• Requirement
Restate each entry below without changing a word.
:: Given records
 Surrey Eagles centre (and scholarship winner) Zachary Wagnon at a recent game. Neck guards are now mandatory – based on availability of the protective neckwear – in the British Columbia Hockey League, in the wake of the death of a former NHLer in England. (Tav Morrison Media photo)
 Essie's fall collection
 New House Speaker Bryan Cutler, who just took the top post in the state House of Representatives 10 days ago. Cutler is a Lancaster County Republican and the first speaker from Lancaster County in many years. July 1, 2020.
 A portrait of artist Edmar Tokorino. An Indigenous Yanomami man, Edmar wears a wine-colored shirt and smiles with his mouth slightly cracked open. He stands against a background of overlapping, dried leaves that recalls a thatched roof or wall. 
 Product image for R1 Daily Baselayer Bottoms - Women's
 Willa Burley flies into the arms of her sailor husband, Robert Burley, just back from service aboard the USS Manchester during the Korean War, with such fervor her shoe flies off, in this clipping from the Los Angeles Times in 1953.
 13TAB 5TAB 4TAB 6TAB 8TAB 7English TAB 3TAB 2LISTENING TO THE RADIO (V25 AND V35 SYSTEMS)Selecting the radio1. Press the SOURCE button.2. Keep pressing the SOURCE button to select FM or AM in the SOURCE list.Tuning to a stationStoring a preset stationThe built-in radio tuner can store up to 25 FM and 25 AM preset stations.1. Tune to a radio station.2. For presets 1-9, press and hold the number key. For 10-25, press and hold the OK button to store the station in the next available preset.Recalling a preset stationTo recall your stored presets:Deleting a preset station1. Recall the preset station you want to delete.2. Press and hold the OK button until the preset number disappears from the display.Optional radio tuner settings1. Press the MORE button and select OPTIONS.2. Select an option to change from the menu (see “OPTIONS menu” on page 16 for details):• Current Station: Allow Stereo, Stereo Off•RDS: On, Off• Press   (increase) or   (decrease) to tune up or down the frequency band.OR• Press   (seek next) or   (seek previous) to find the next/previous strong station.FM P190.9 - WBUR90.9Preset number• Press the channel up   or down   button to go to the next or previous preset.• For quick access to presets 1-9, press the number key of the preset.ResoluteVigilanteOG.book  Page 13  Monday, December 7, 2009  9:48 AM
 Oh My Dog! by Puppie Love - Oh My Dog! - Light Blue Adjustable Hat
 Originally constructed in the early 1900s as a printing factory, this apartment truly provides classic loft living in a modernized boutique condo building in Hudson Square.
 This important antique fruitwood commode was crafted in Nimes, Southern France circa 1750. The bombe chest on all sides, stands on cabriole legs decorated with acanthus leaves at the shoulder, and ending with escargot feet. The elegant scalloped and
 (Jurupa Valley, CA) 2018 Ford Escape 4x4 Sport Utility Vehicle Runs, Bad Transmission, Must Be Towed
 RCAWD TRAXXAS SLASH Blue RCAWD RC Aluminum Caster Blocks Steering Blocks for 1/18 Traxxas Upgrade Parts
::::
• Answer to this task
 Surrey Eagles centre (and scholarship winner) Zachary Wagnon at a recent game. Neck guards are now mandatory – based on availability of the protective neckwear – in the British Columbia Hockey League, in the wake of the death of a former NHLer in England. (Tav Morrison Media photo)
 Essie's fall collection
 New House Speaker Bryan Cutler, who just took the top post in the state House of Representatives 10 days ago. Cutler is a Lancaster County Republican and the first speaker from Lancaster County in many years. July 1, 2020.
 A portrait of artist Edmar Tokorino. An Indigenous Yanomami man, Edmar wears a wine-colored shirt and smiles with his mouth slightly cracked open. He stands against a background of overlapping, dried leaves that recalls a thatched roof or wall. 
 Product image for R1 Daily Baselayer Bottoms - Women's
 Willa Burley flies into the arms of her sailor husband, Robert Burley, just back from service aboard the USS Manchester during the Korean War, with such fervor her shoe flies off, in this clipping from the Los Angeles Times in 1953.
 13TAB 5TAB 4TAB 6TAB 8TAB 7English TAB 3TAB 2LISTENING TO THE RADIO (V25 AND V35 SYSTEMS)Selecting the radio1. Press the SOURCE button.2. Keep pressing the SOURCE button to select FM or AM in the SOURCE list.Tuning to a stationStoring a preset stationThe built-in radio tuner can store up to 25 FM and 25 AM preset stations.1. Tune to a radio station.2. For presets 1-9, press and hold the number key. For 10-25, press and hold the OK button to store the station in the next available preset.Recalling a preset stationTo recall your stored presets:Deleting a preset station1. Recall the preset station you want to delete.2. Press and hold the OK button until the preset number disappears from the display.Optional radio tuner settings1. Press the MORE button and select OPTIONS.2. Select an option to change from the menu (see “OPTIONS menu” on page 16 for details):• Current Station: Allow Stereo, Stereo Off•RDS: On, Off• Press   (increase) or   (decrease) to tune up or down the frequency band.OR• Press   (seek next) or   (seek previous) to find the next/previous strong station.FM P190.9 - WBUR90.9Preset number• Press the channel up   or down   button to go to the next or previous preset.• For quick access to presets 1-9, press the number key of the preset.ResoluteVigilanteOG.book  Page 13  Monday, December 7, 2009  9:48 AM
 Oh My Dog! by Puppie Love - Oh My Dog! - Light Blue Adjustable Hat
 Originally constructed in the early 1900s as a printing factory, this apartment truly provides classic loft living in a modernized boutique condo building in Hudson Square.
 This important antique fruitwood commode was crafted in Nimes, Southern France circa 1750. The bombe chest on all sides, stands on cabriole legs decorated with acanthus leaves at the shoulder, and ending with escargot feet. The elegant scalloped and
 (Jurupa Valley, CA) 2018 Ford Escape 4x4 Sport Utility Vehicle Runs, Bad Transmission, Must Be Towed
 RCAWD TRAXXAS SLASH Blue RCAWD RC Aluminum Caster Blocks Steering Blocks for 1/18 Traxxas Upgrade Parts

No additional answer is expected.